His amusement was increased when he saw a second figure issue from the shop—the figure of a short, stout man, he too cased in dough and flour from head to foot. The baker set off at a toddling scamper after the boy, their course marked on the cobblestones with a white trail.
In a few moments the pursuer recognised that his chase was hopeless. The boy, indeed, had turned the corner and was out of sight by the time his master had run half a dozen paces.
“The young villain!” cried the man, stopping short and shaking his fist in the direction of the vanished fugitive.
He turned back towards the shop, picking at the dough that clung to his hair and beard, spluttering and muttering curses the while. As he was passing Martin a mass of the loosened dough fell over his eyes, and for a moment he tottered like a blind man.
Martin sprang to his side, held him steady, and helped him to rid himself of some of the dough, which hung in long clammy strips about his face, like the curls of a full-bottomed wig.
“Ugh! Ugh!” gasped the baker. “The insolent young ruffian! Thank you! Thank you! My hair is short, or—— The young viper! ’Tis a mercy none of the neighbours have seen my plight. Quick, boy; lead me. I can scarcely see my own shop door!”
Martin took him by the arm and led him the few paces to his shop. On the sign hanging above the door were the words: “Faryner, Baker to His Majesty the King.”
Within the shop Martin stayed to give further assistance to the angry baker, who intermingled abuse of the runaway boy with explanations, half to himself, and half to Martin.

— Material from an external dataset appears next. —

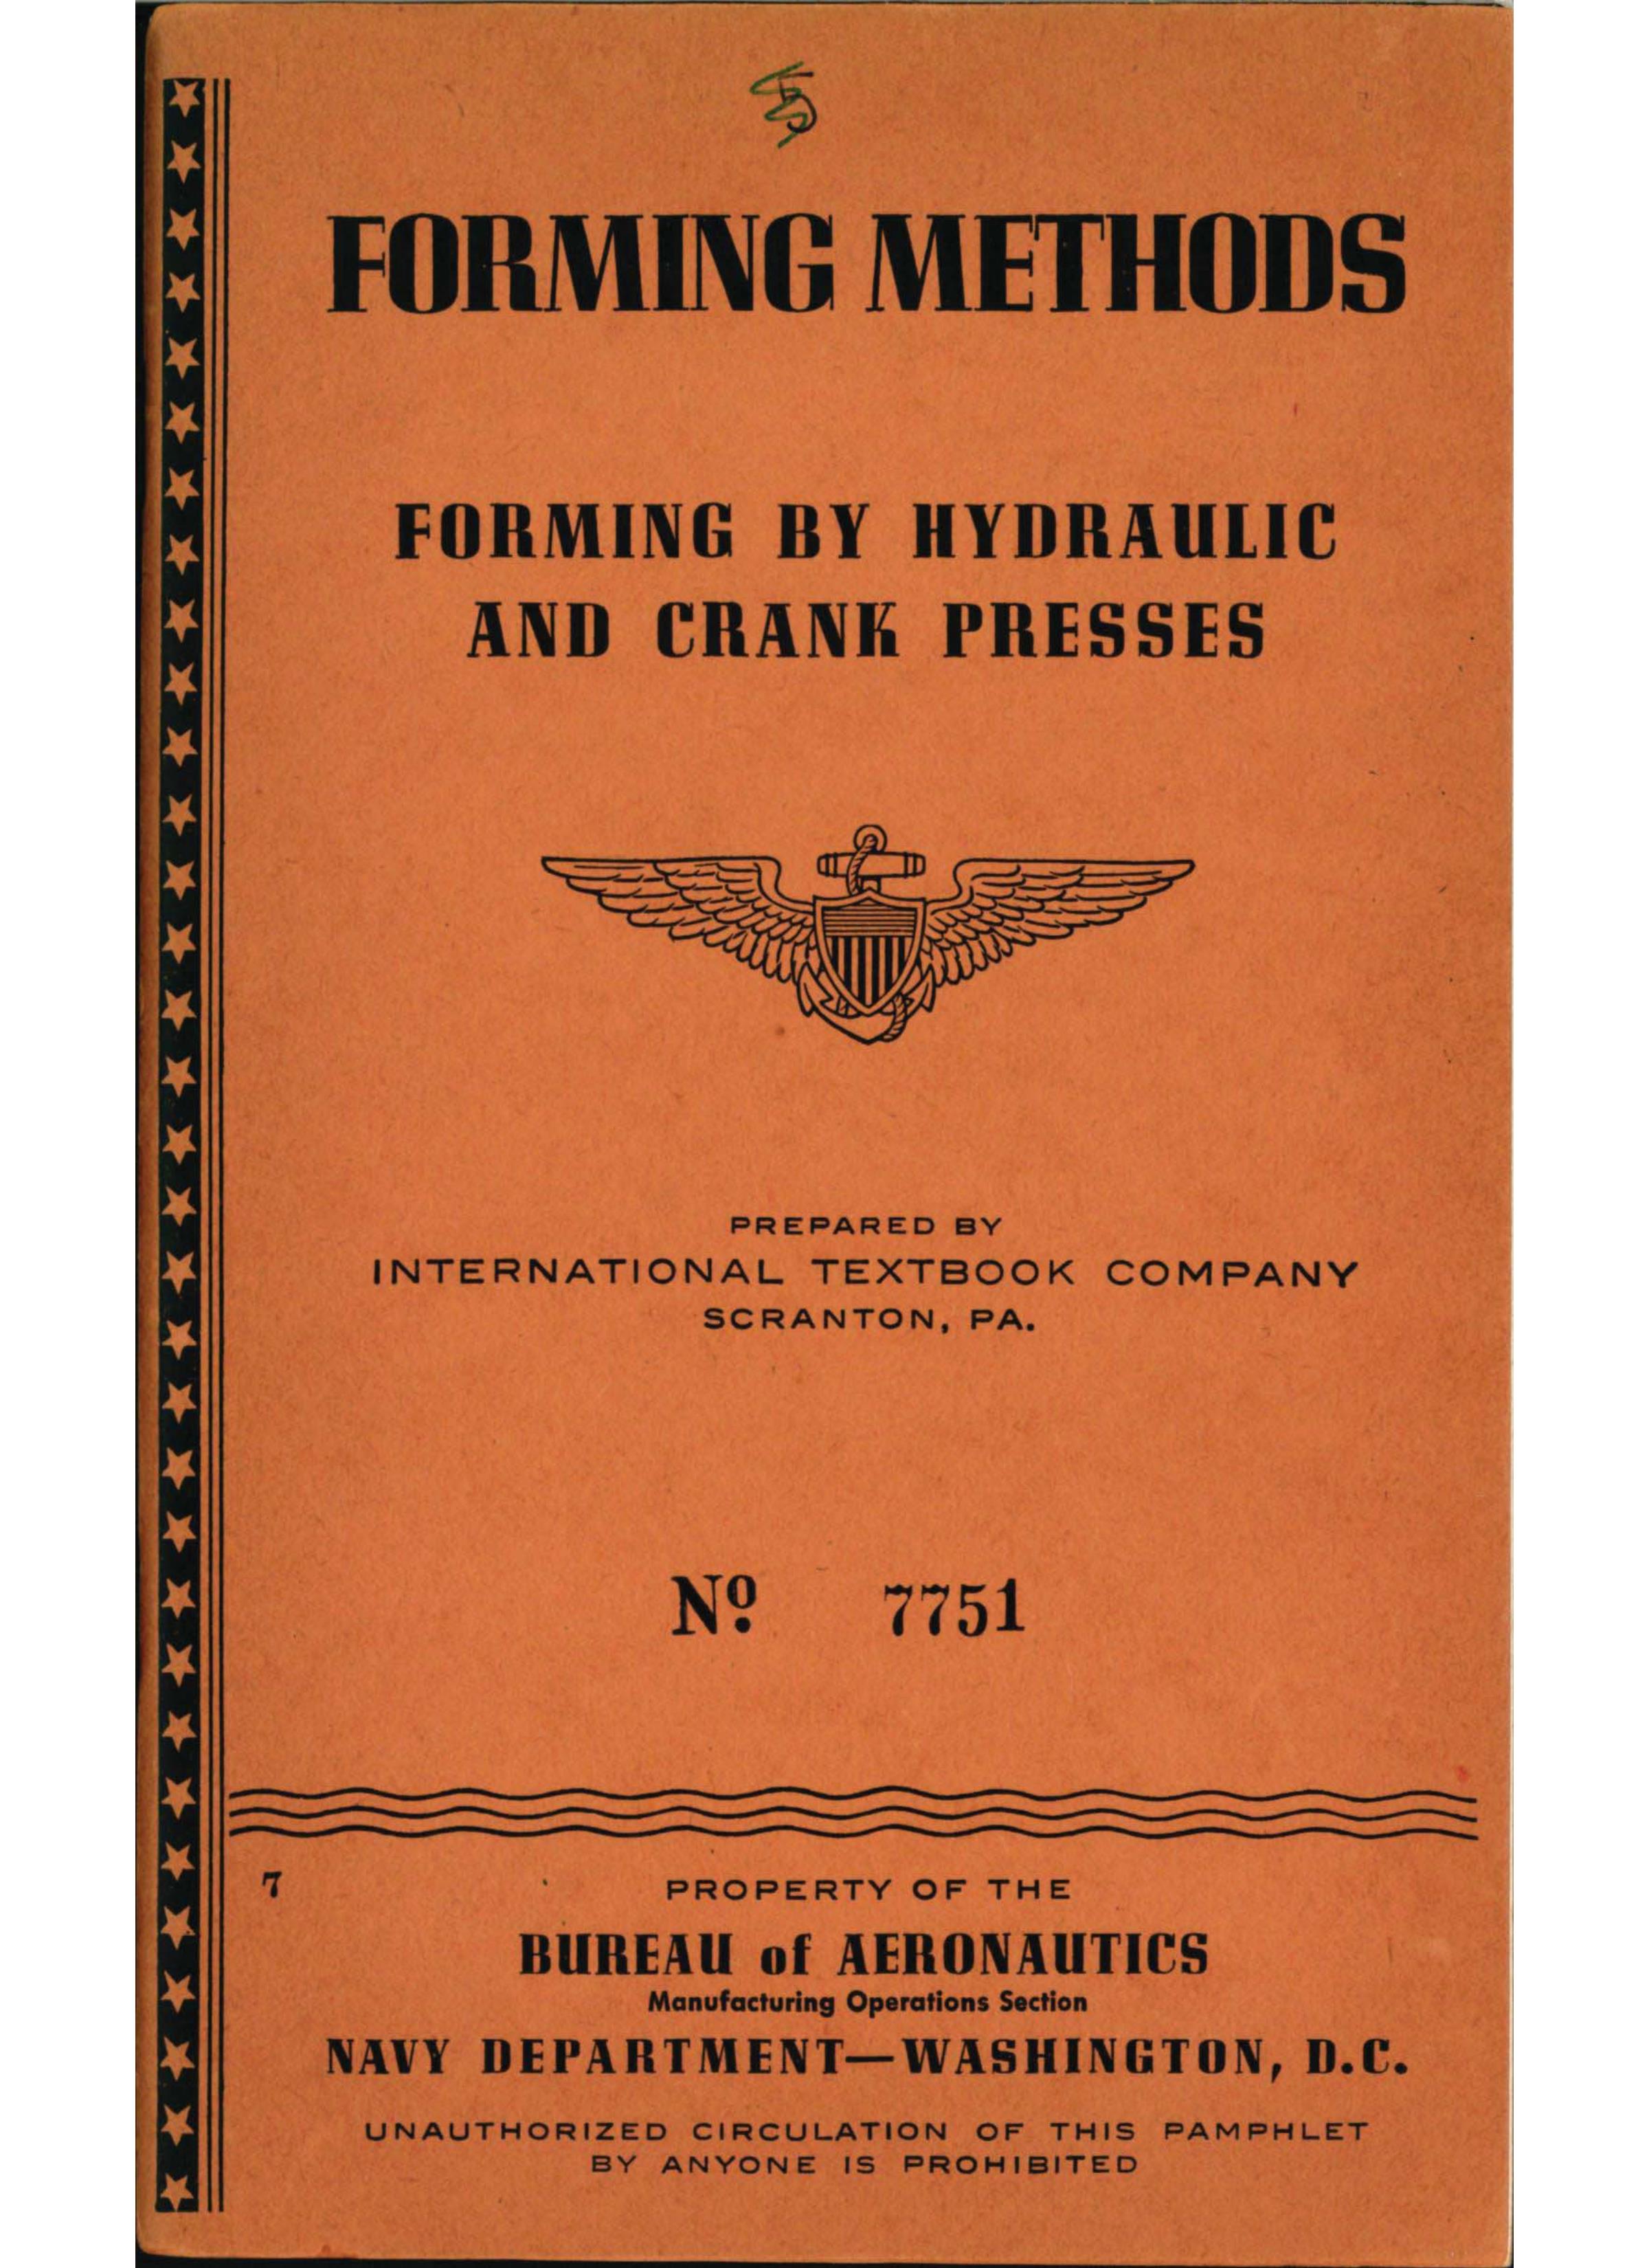 Sample page 1 from AirCorps Library document: Forming Methods - Hydraulic & Crank Presses - Bureau of Aeronautics

“The whelp!” he exclaimed. “He comes late, and when I tax him, is saucy, scandalously saucy. ’Twould try the patience of a saint, and I’m no saint. Must silence his chattering tongue. Up with a pan of dough; dab it on the rascal’s head.
“The impudence of the knave! What does he do but snatch up another pan and empty it over me—me, a master baker, baker to the King, contractor to the Admiralty, purveyor to half the nobility and gentry. Ay, and flings a bag of flour at me. What do you think of that? What is the world coming to?”